• Action item: From the line that contains "summit-size-chart.jpg" down to the final line below, please repeat each line exactly and nothing more, with no pictures.

• Information shown:
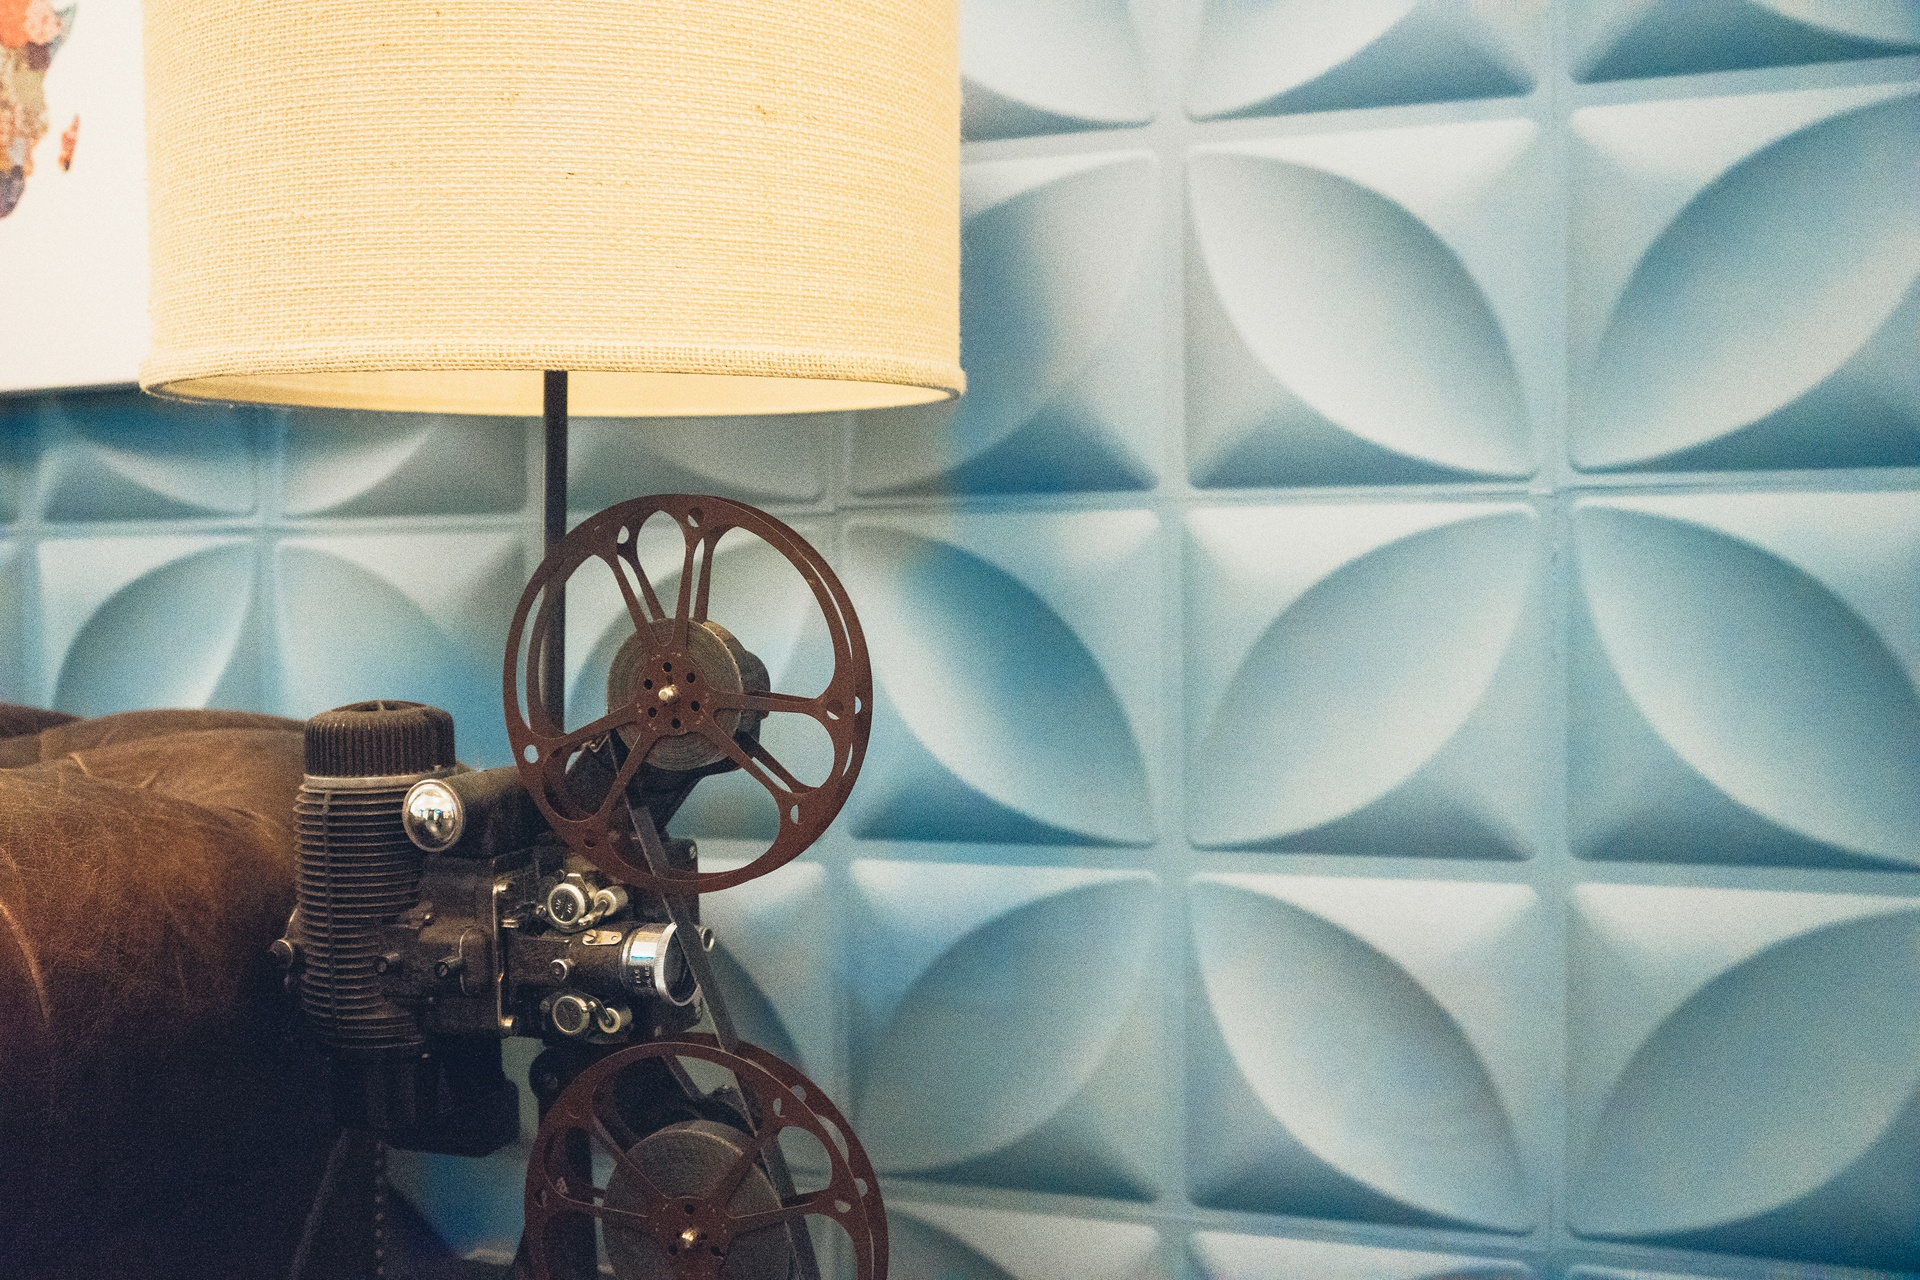 35mm film projector
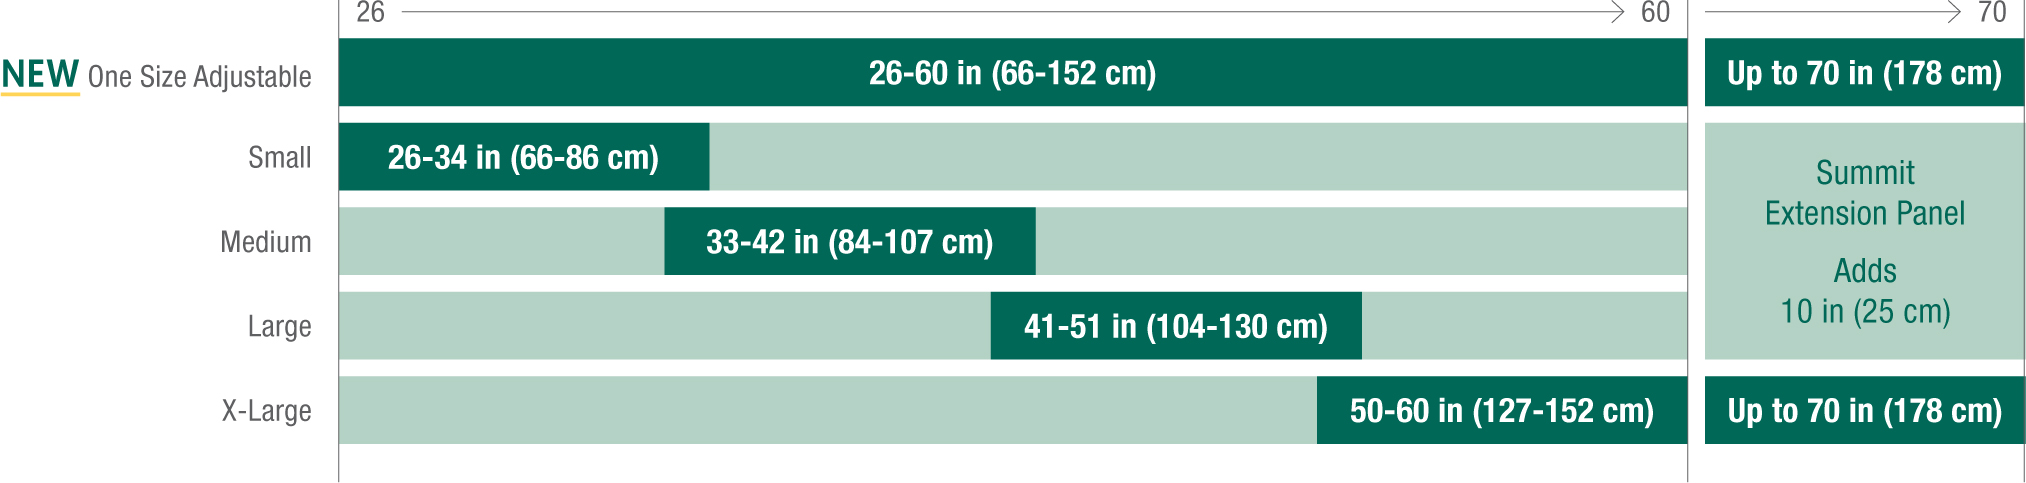 summit-size-chart.jpg
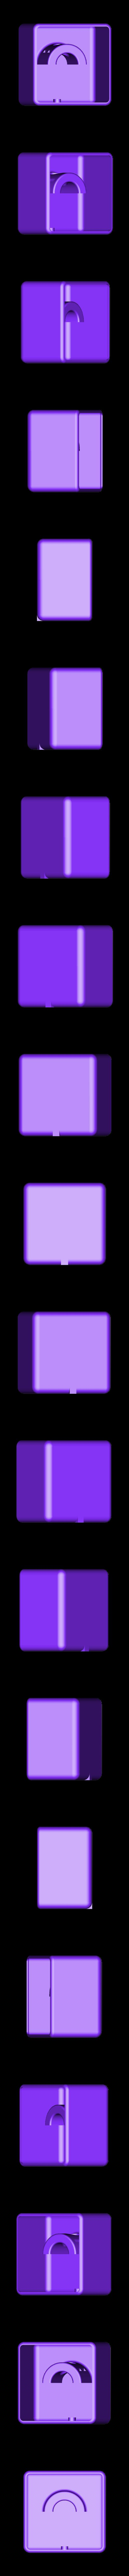 Lamp_-_Base.stl Download free STL file Cube Lamp • Design to 3D print, csigshoj
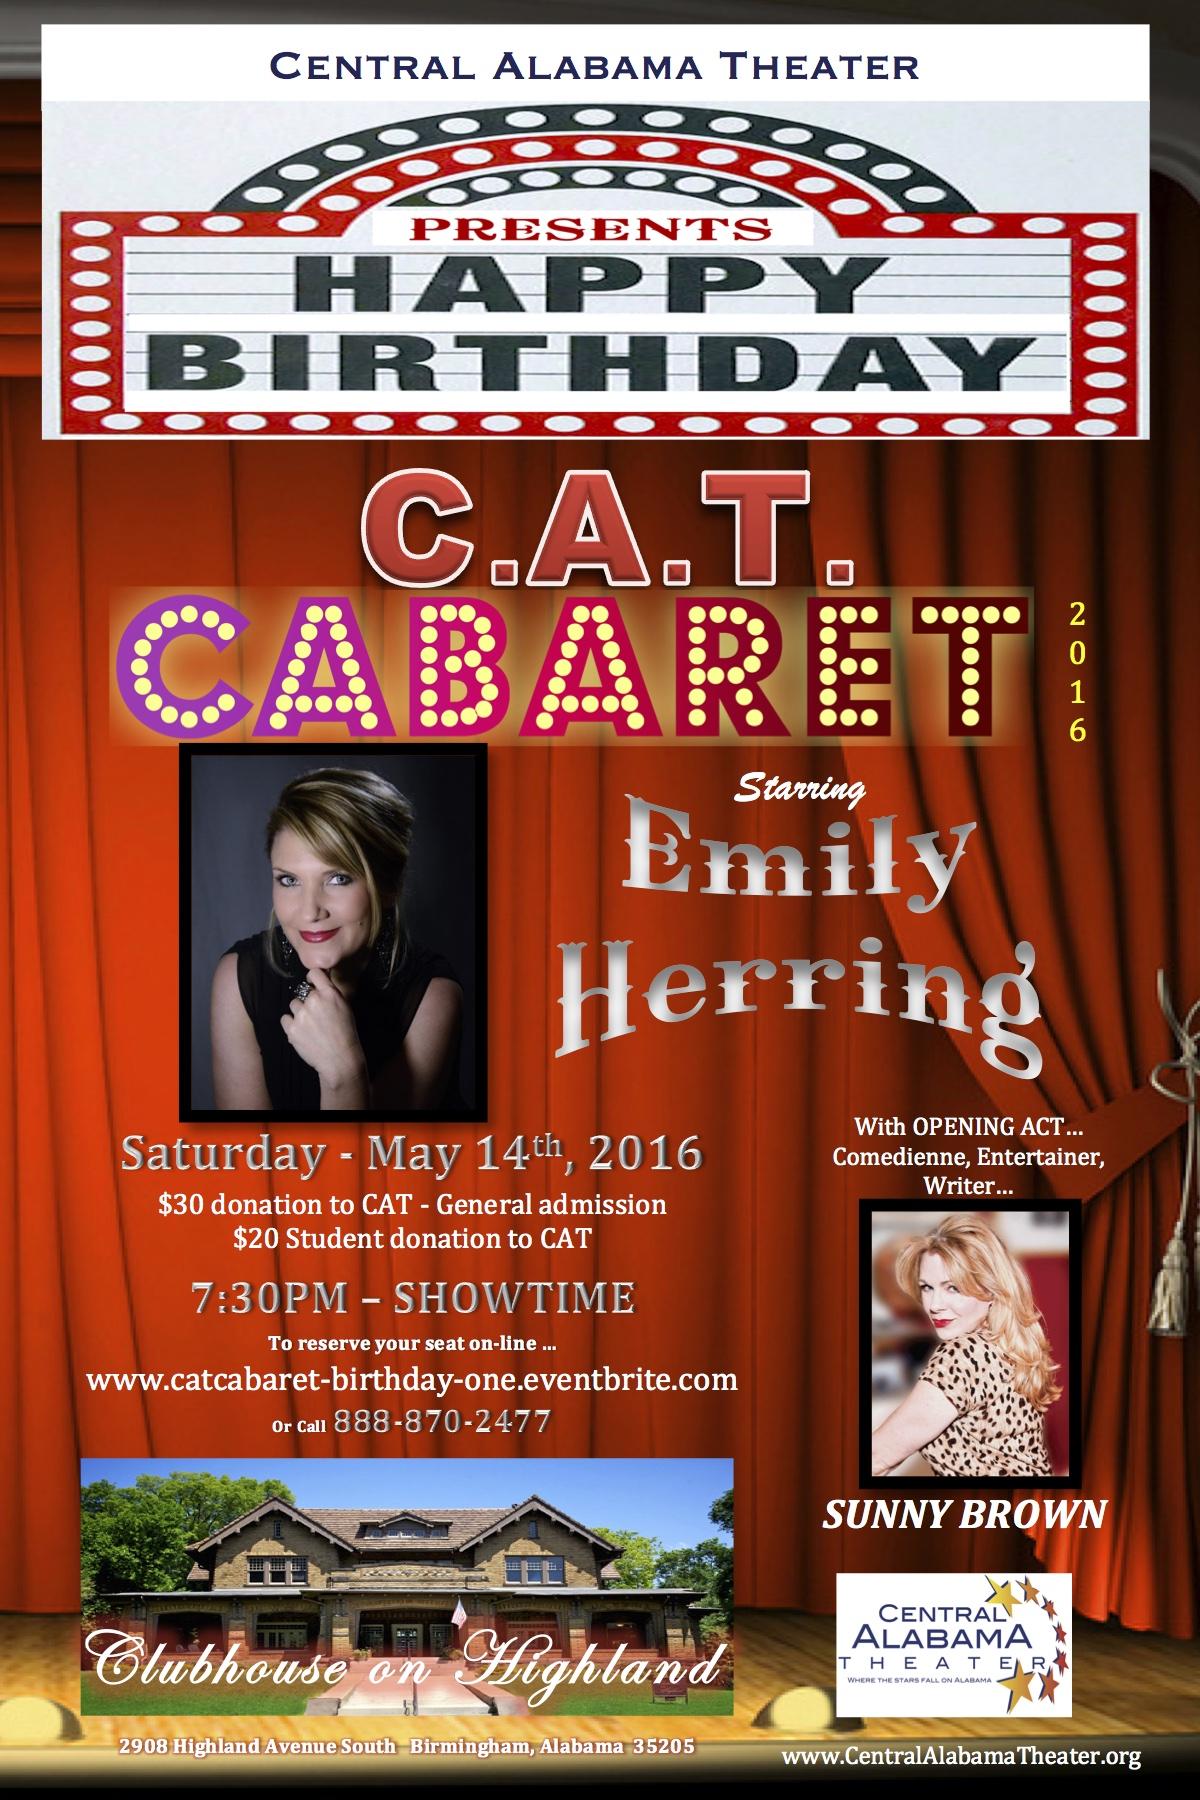 CAT CABARET -POSTCARD 4X6 One Year

• Exercise output:
 summit-size-chart.jpg
 Lamp_-_Base.stl Download free STL file Cube Lamp • Design to 3D print, csigshoj
 CAT CABARET -POSTCARD 4X6 One Year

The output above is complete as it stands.